Это предложение оказалось как будто бы вырезано на моей душе, и, подобно ученице, полной радости от преподанного Учителем урока, я села на стул.

Меня сразу же посетило вдохновение. Без малейших сомнений я взяла красный карандаш и заставила кровавую черту обойти все деления моего рисунка, оборачиваясь вокруг цифр так, как я видела во сне.

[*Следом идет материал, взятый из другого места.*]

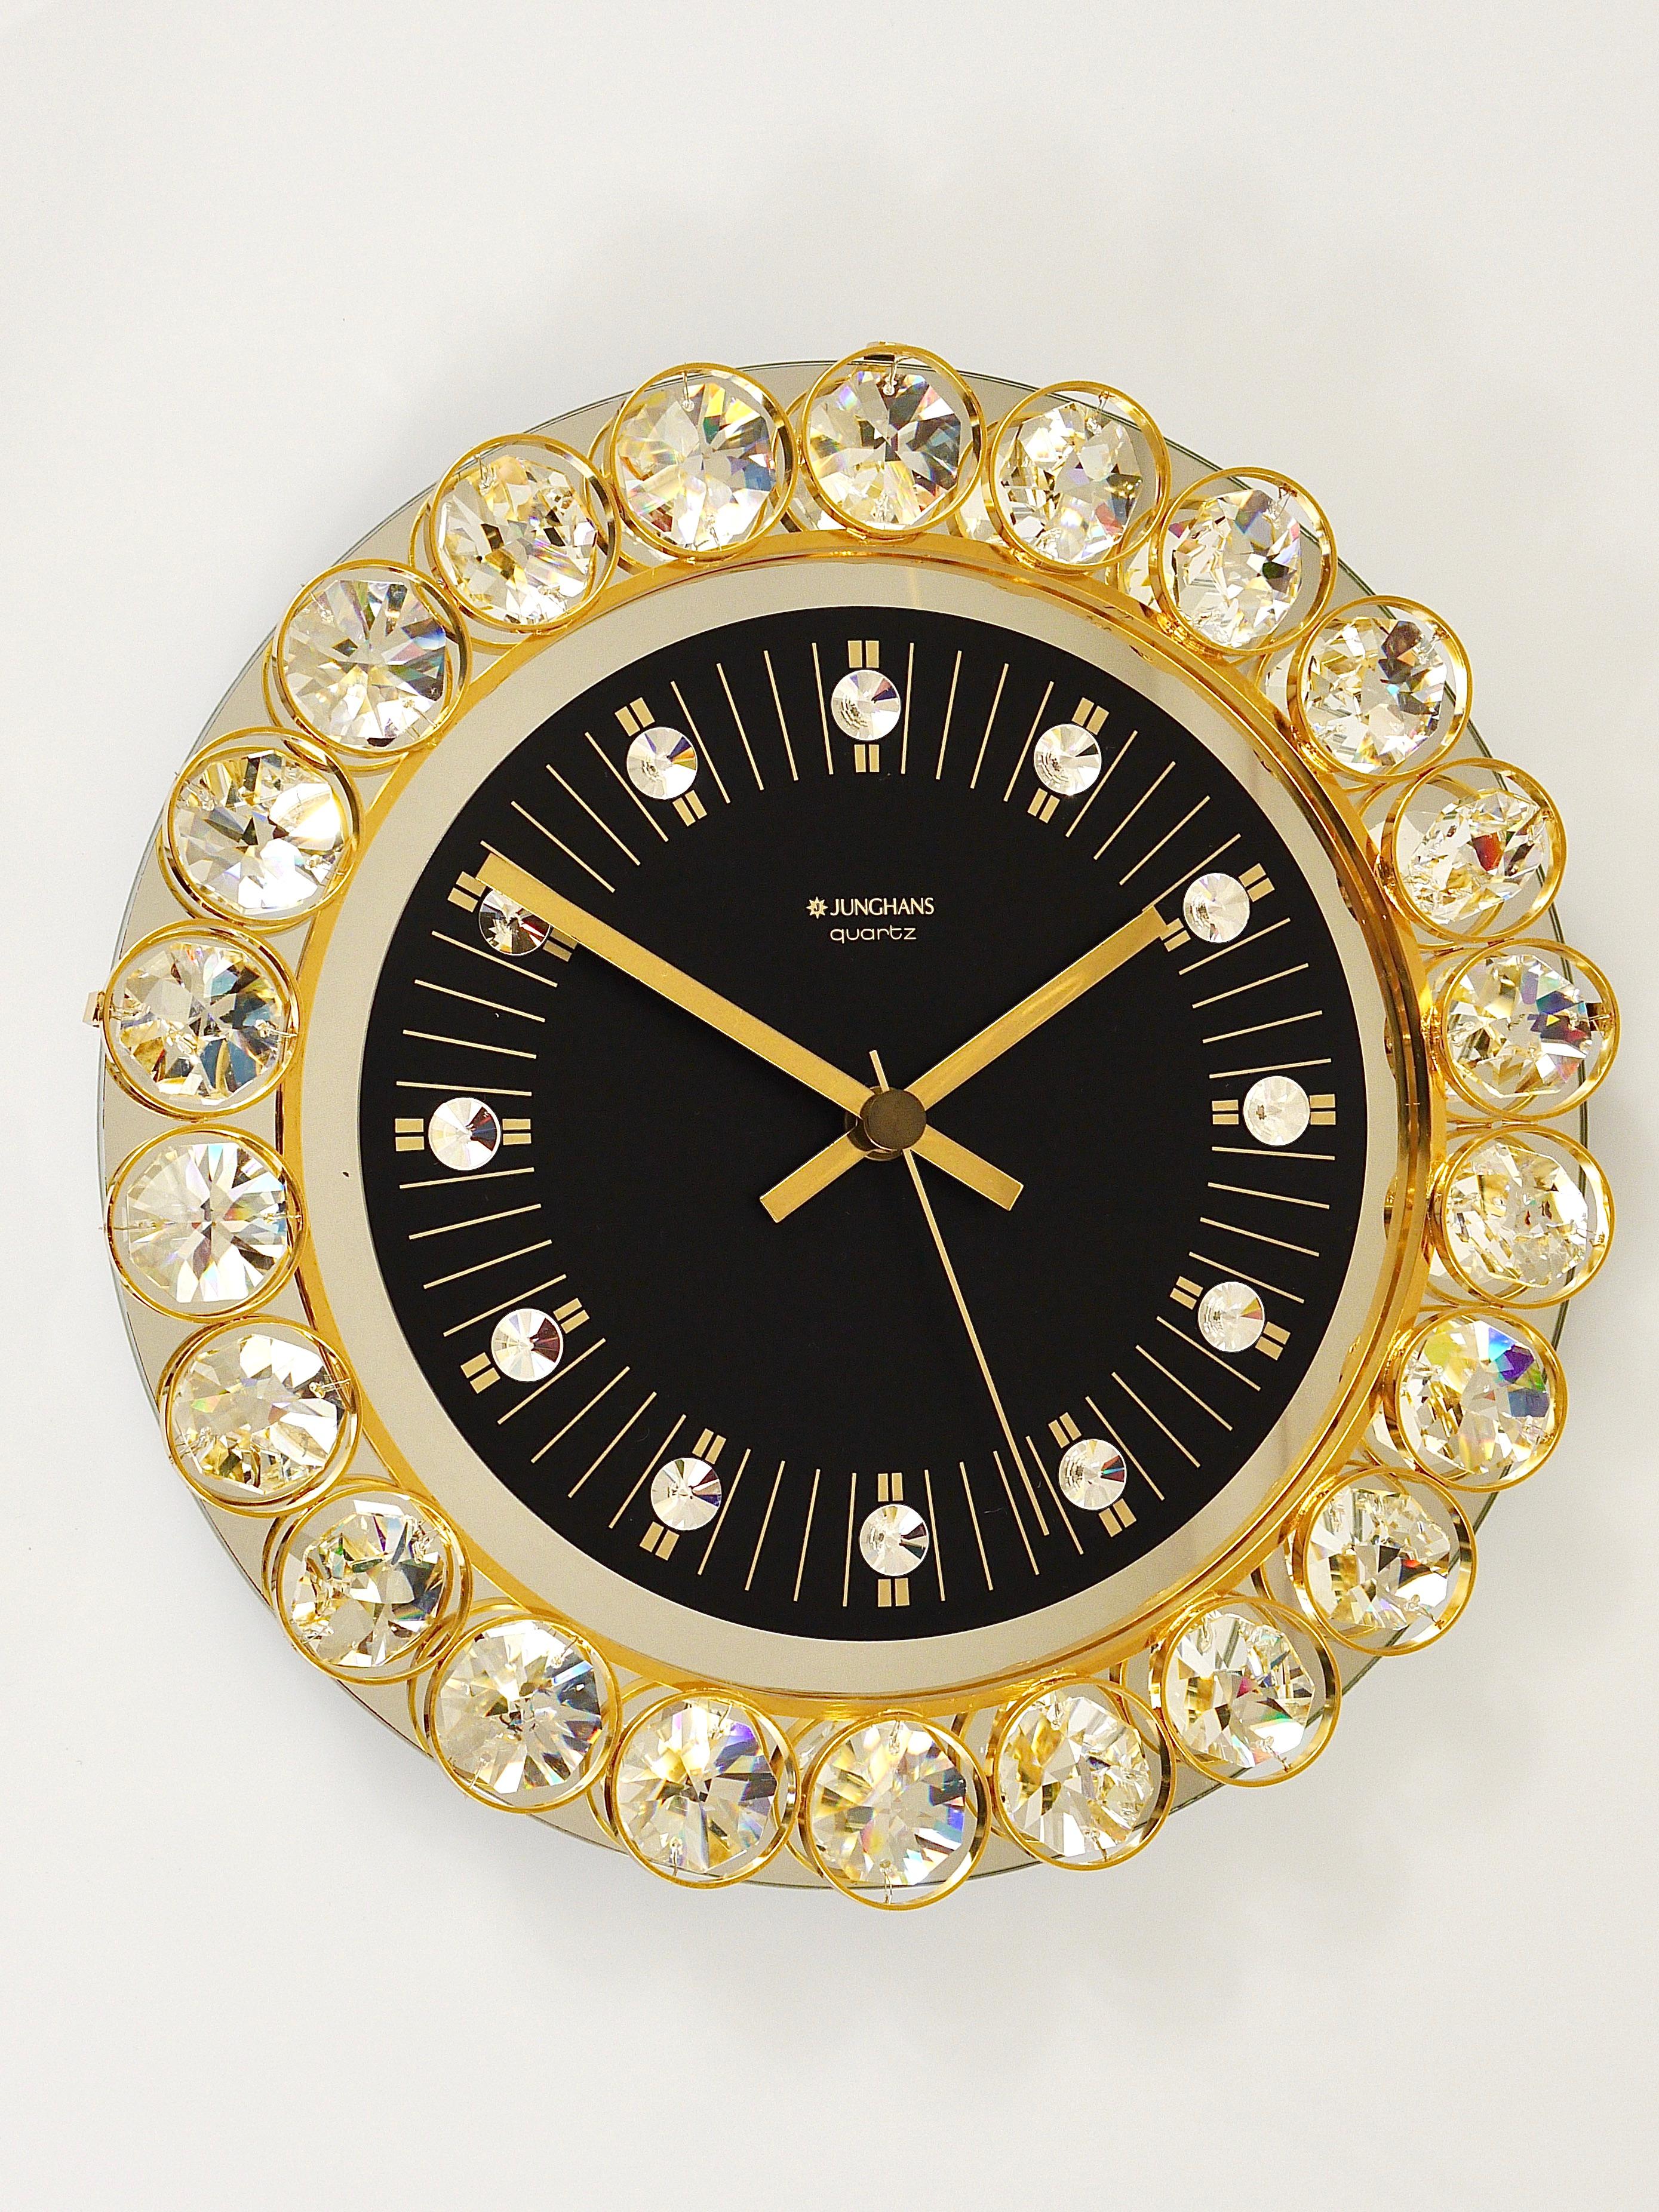 regency quartz watch

Спирали и зигзаги сами собой формировались с изумительной точностью.

Когда я закончила, на куске картона была очень странная симметричная картина.

Эта красная линия, начинаясь от цифры «1», с левого конца кривой линии, соединяла вместе три числа новой последовательности, заходила слегка за «11» с правого края кривой и закручивалась тремя тройными спиралями вокруг «3», «6» и «9» последовательно. «2», «4», «8» и «10» оставались вовне линии, а «5», «7», «1» и «И» были внутри неё, и каждое из этих чисел занимало центр угла, образованного зигзагами.

Весь рисунок напоминал своим видом некое подобие звезды, с четырьмя острыми лучами и двумя округлыми сторонами. Но те точки, что располагались на цифрах «1» и «11», выходили за чёрную кривую, венчавшую рисунок, подобно куполу.

И я принялась искать скрытый смысл того, что я только что нарисовала.

«Промежуточные часы в сумме составляют 9,» — сказал он мне[48].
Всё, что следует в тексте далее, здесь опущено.